The five common heart defects are:

• Septal defects. Babies with a septal defect have a hole between two of their heart’s chambers.
• Coarctation of the aorta. It is the narrowing of the largest artery in the body–the aorta.
• Pulmonary valve stenosis. It is the narrowing of the pulmonary valve (this valve controls the passage of blood from the heart to the lungs).
• Transposition of the great arteries: It occurs when the two main arteries leaving the heart are reversed in position or transposed.
• Underdeveloped heart: Certain parts of the heart are not fully developed.
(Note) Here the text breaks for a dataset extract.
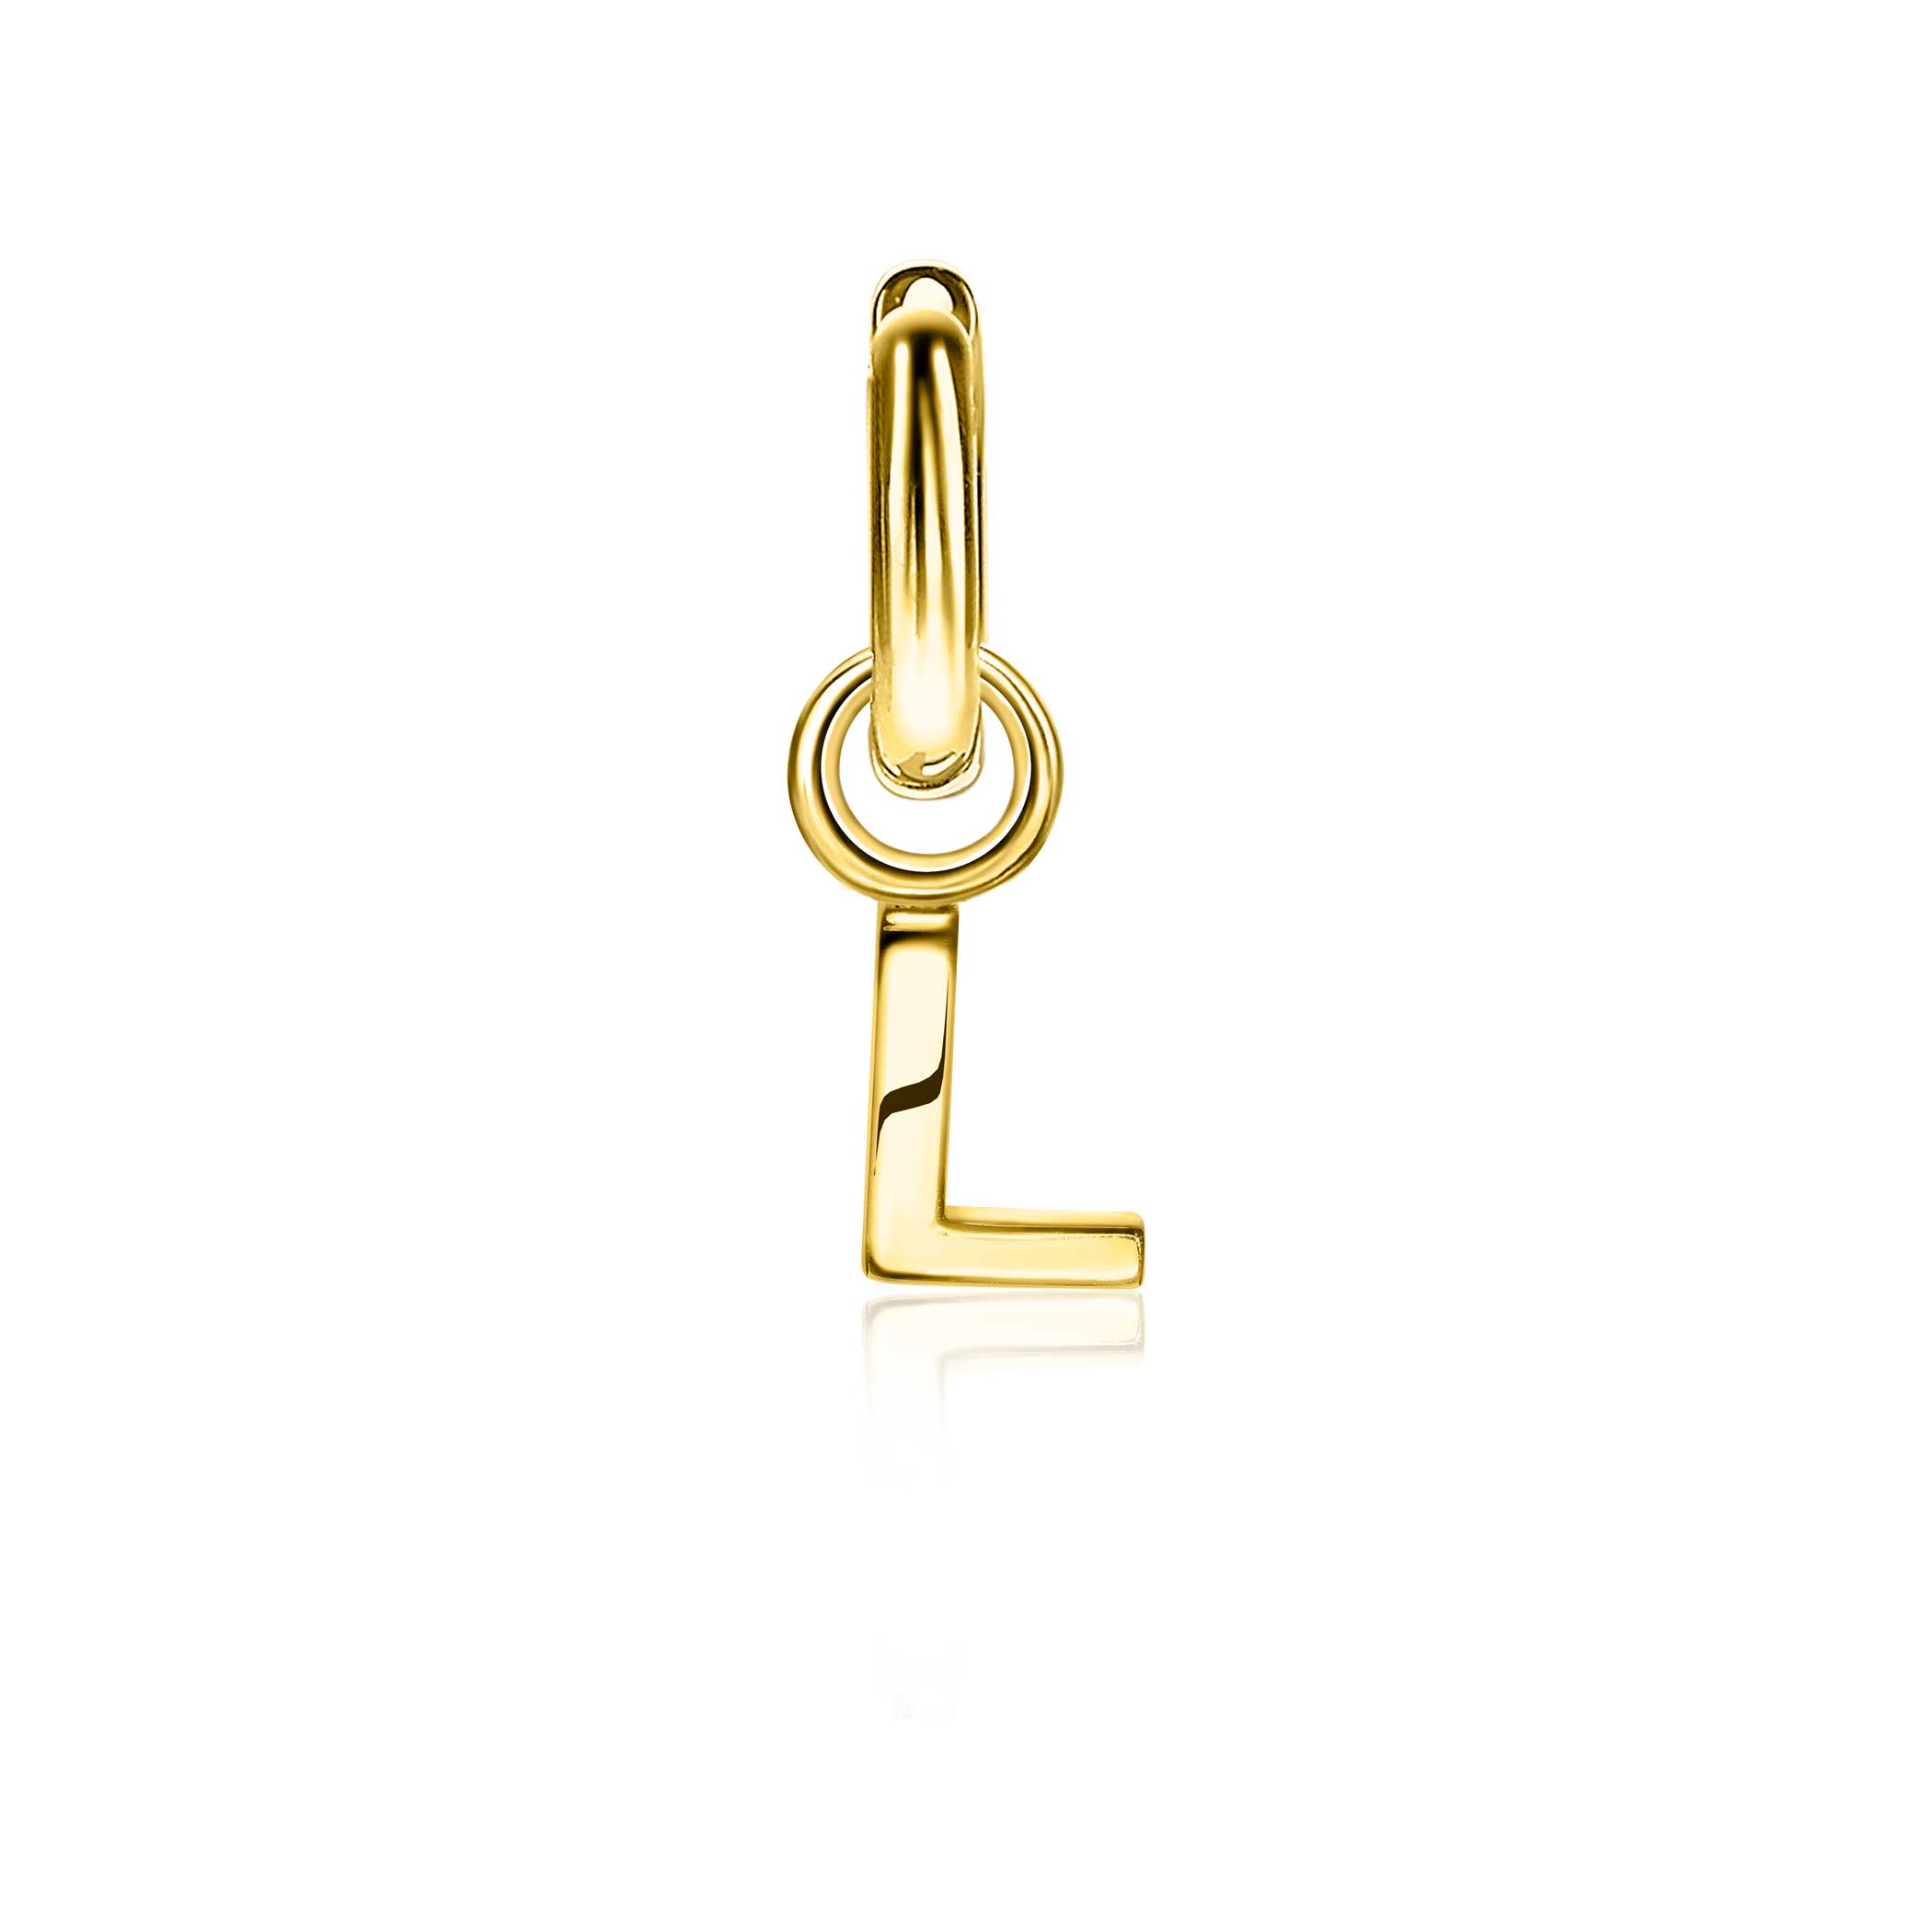 ZINZI Gold Plated Letter Earrings Pendant L price per piece ZICH2145L (excl. hoop earrings)

Congenital heart disease may be diagnosed during pregnancy or after birth.

Suppose your doctor suspects a heart defect during a routine ultrasound scan of the unborn baby. In that case, they will order fetal echocardiography at around 18 to 22 weeks of pregnancy. Echocardiography (a type of ultrasound) uses sound waves to create a picture of your baby’s heart.

A doctor may diagnose a heart defect shortly after birth by observing signs such as a blue tinge to your baby’s skin or lips. During a newborn physical examination, a doctor will check your baby’s heart, feel their pulse, and listen to heart sounds. They may also recommend other diagnostic tests, such as ECG, chest X-ray, and pulse oximetry.

Most cases are mild and don’t need treatment, though regular check-ups may be necessary. Several cases are treated with surgery, medications, and long-term monitoring.